Until recently, “serialization” often meant model.serialize(), manual object literals, or ad-hoc pick lists scattered across controllers. Transformers in v7 turn that into an explicit pattern: a class extends BaseTransformer, implements toObject(), and defines exactly what crosses the wire.
// app/transformers/post_transformer.ts (conceptual)
import { BaseTransformer } from "@adonisjs/core/transformers";
import Post from "#models/post";
export default class PostTransformer extends BaseTransformer<typeof Post> {
toObject() {
return {
id: this.resource.id,
title: this.resource.title,
excerpt: this.resource.body.slice(0, 200),
updatedAt: this.resource.updatedAt,
};
}
}
From a controller you wire it through the context helper—serialize on HttpContext** wraps the payload into a proper response instead of you stitching JSON by hand:
import PostTransformer from "#transformers/post_transformer";
export default class PostsController {
async show({ params, serialize }: HttpContext) {
const post = await Post.findOrFail(params.id);
return serialize({
post: PostTransformer.transform(post),
});
}
}
Nested resources compose cleanly: a post transformer can delegate to a user transformer for author, so relationship shape is explicit rather than “whatever Lucid felt like serializing today.” You also get guardrails like depth limits so you don’t accidentally ship an entire object graph because someone forgot to prune eager loads.
Scaffolding exists too — node ace make:transformer drops a file into app/transformers/ so you’re not copying boilerplate from blog posts (including this one).
Here’s the second half of why this release hits hard: transformers aren’t only a runtime pattern—they’re a build-time input.

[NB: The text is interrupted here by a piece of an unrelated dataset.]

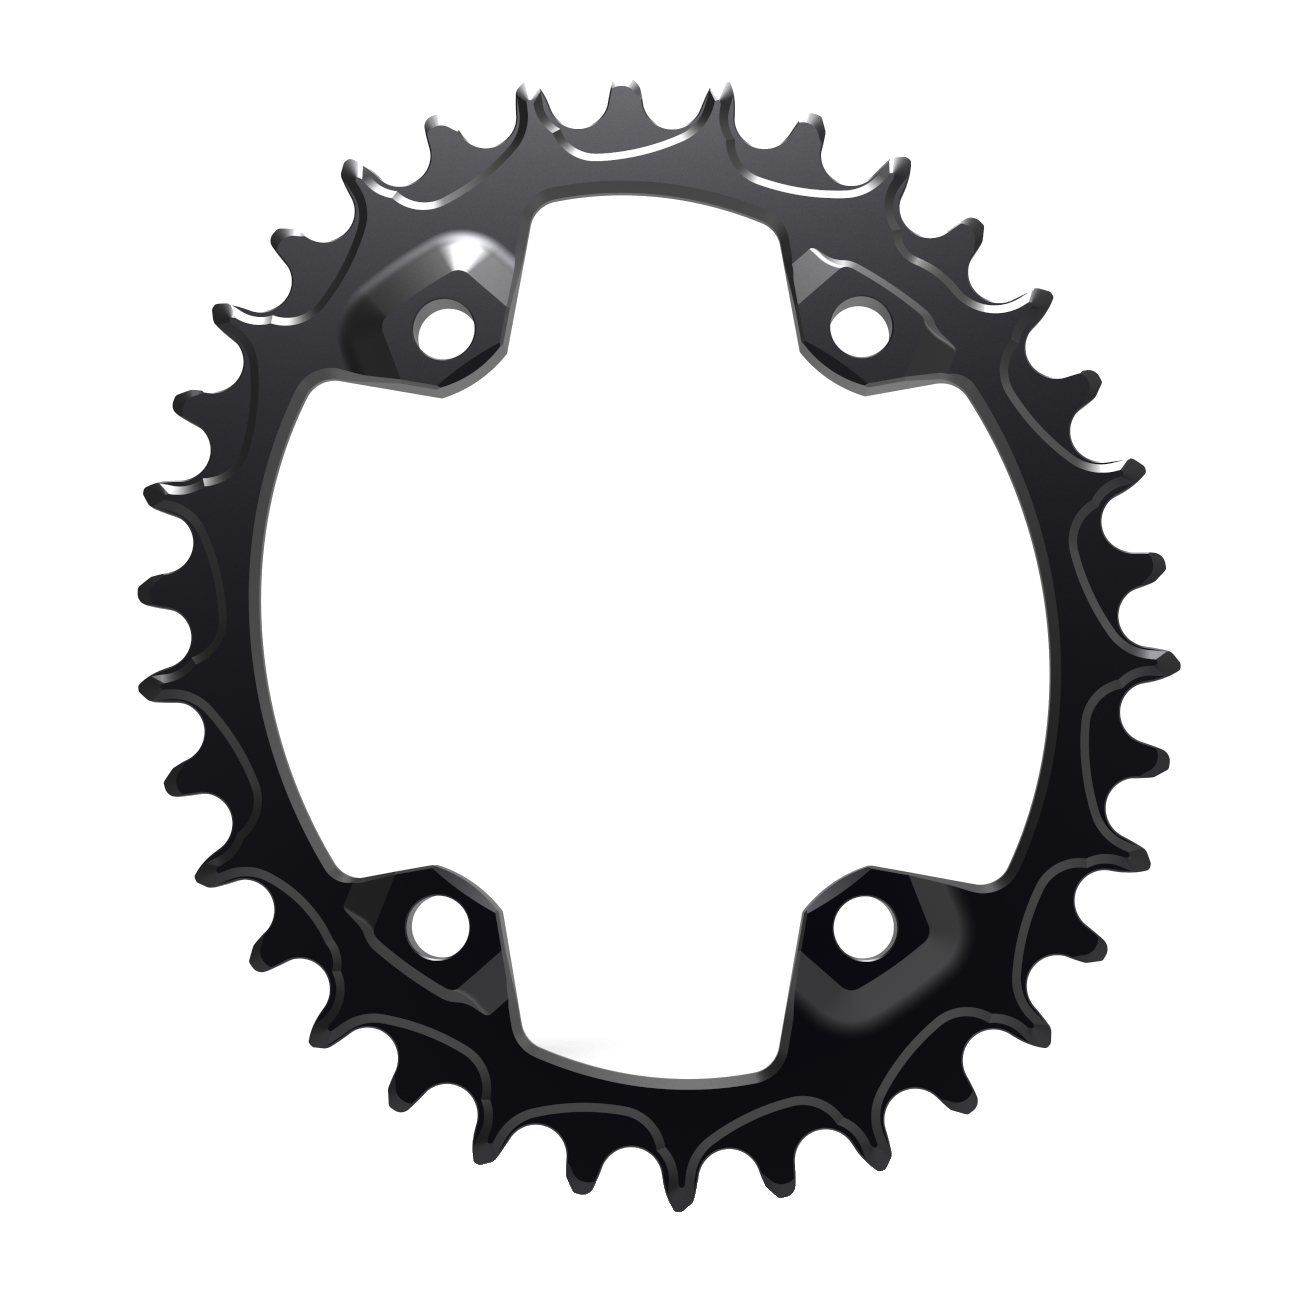 Productfoto van Alugear Narrow Wide MTB Chainring - Oval - for Shimano 96 BCD Asymmetric - 4-Bolt

With the right setup (the indexEntities hook in your Adonis app config), the framework can scan transformers and emit TypeScript definitions derived from toObject() (and variants where you define them).
That means:
types/api.ts folder that nobody updates.toObject() and consumers importing generated types fail the build until they catch up.It’s the serialization layer TypeScript always wanted: not “trust me, this JSON matches,” but the compiler checked it.
Schema generation answers: what can possibly exist on a row in the database?
Transformers answer: what are we willing to show the outside world?
Models sit in the middle: they inherit truthful columns from generated schemas, apply domain logic, then transformers draw the boundary for HTTP. That separation used to be fuzzy; in v7 it’s a documented workflow.
If you’re upgrading from v6, expect to spend time moving response shaping into transformers and pointing models at generated schema bases—but you’ll trade that for fewer “undefined over the wire” surprises and a single source of truth for client types.
Adonis 7 isn’t magic—it’s discipline with tooling. And for teams who care about TypeScript at the boundary between DB and browser, that’s exactly why it’s so cool.